WHAT IS REQUIRED:
Copy every line of the data exactly, keeping out any picture.

** Opening COLLECTED DATA block **

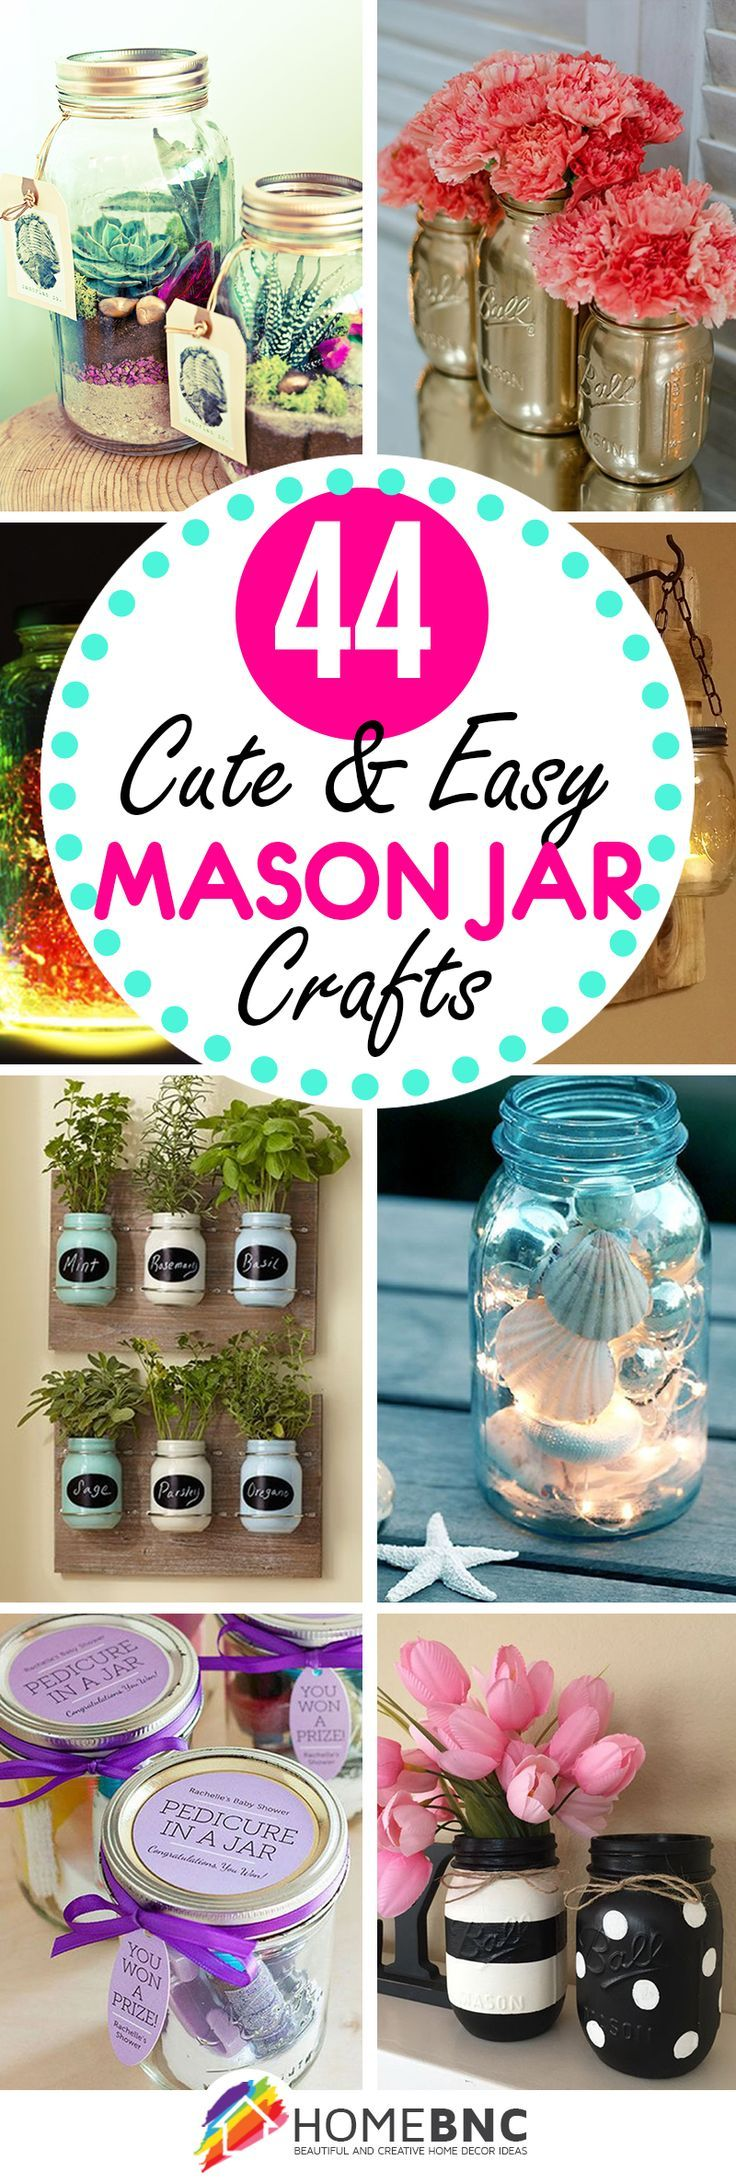 Get Creative With These 44 Diy Mason Jar Crafts Diy Jar Crafts
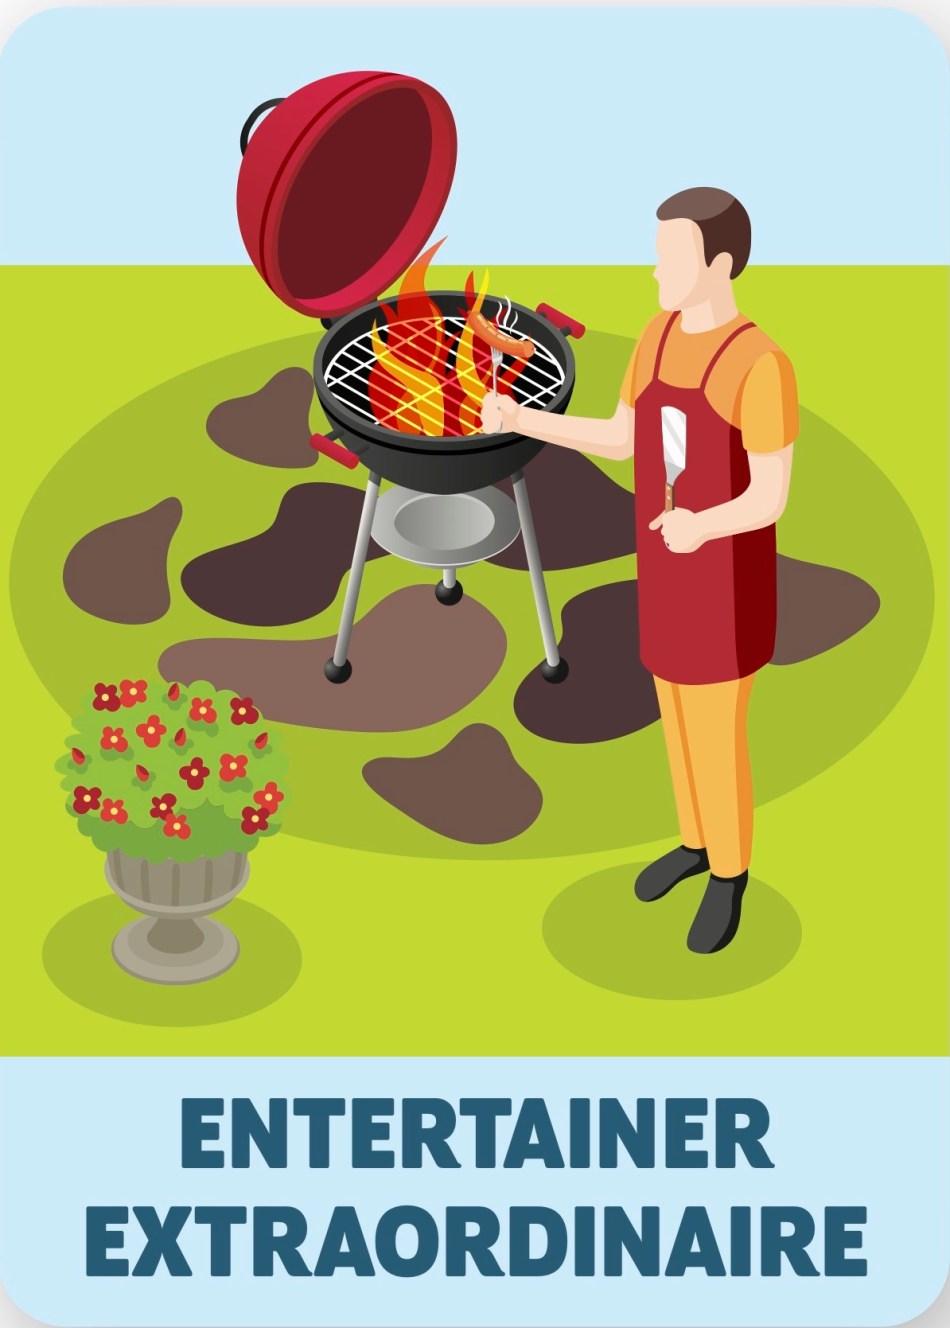 Illustration of entertainer
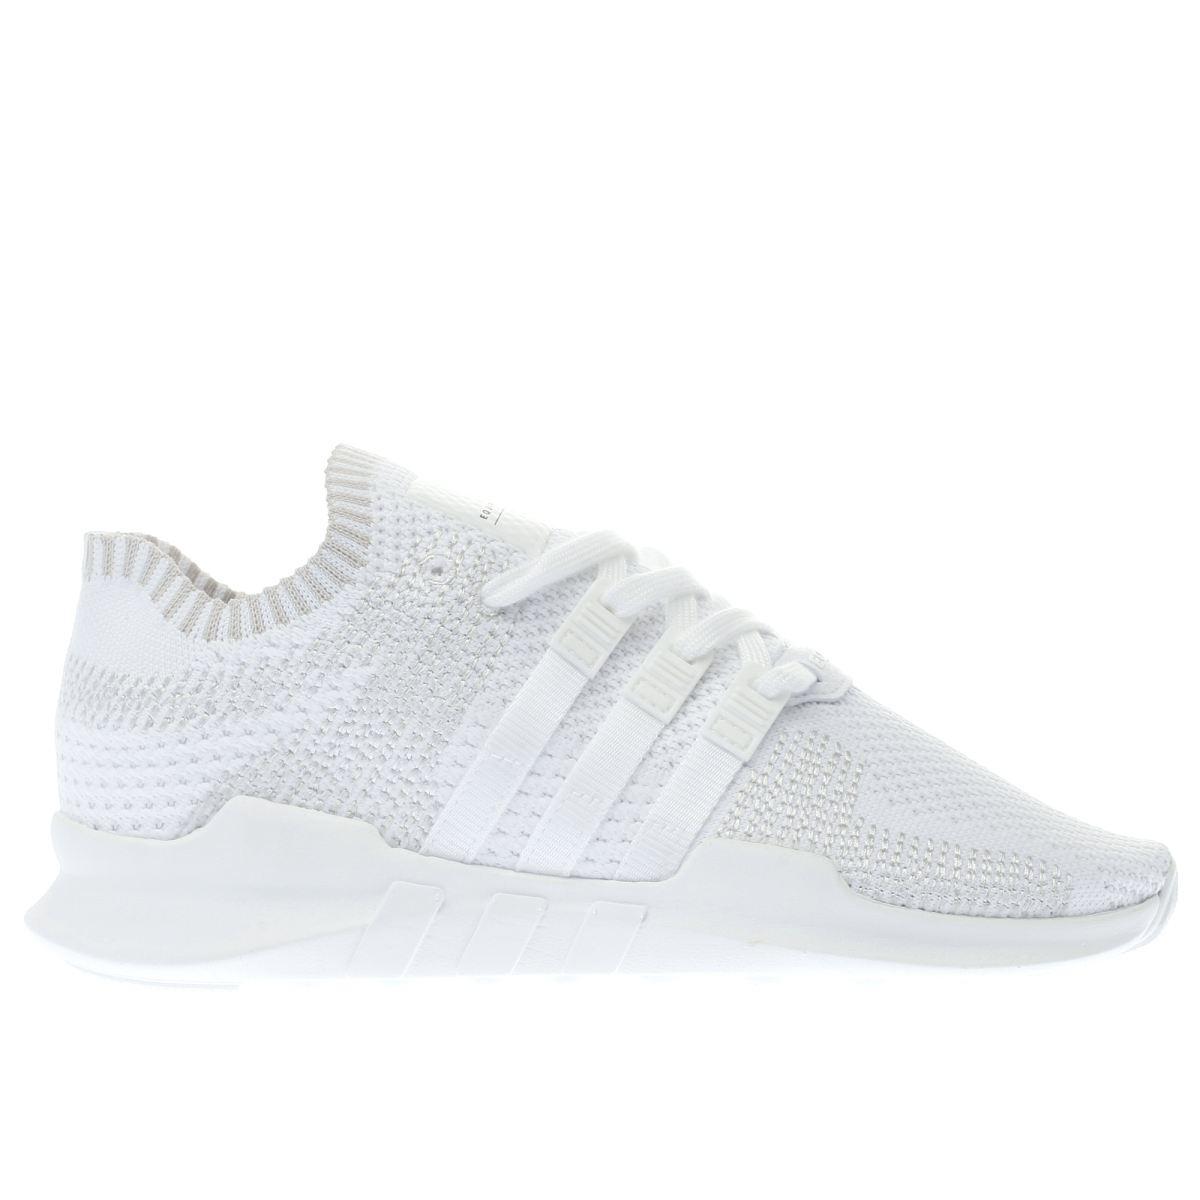 adidas white eqt support adv primeknit trainers

** Closing COLLECTED DATA block **

ANSWER FOR THE TASK:
 Get Creative With These 44 Diy Mason Jar Crafts Diy Jar Crafts
 Illustration of entertainer
 adidas white eqt support adv primeknit trainers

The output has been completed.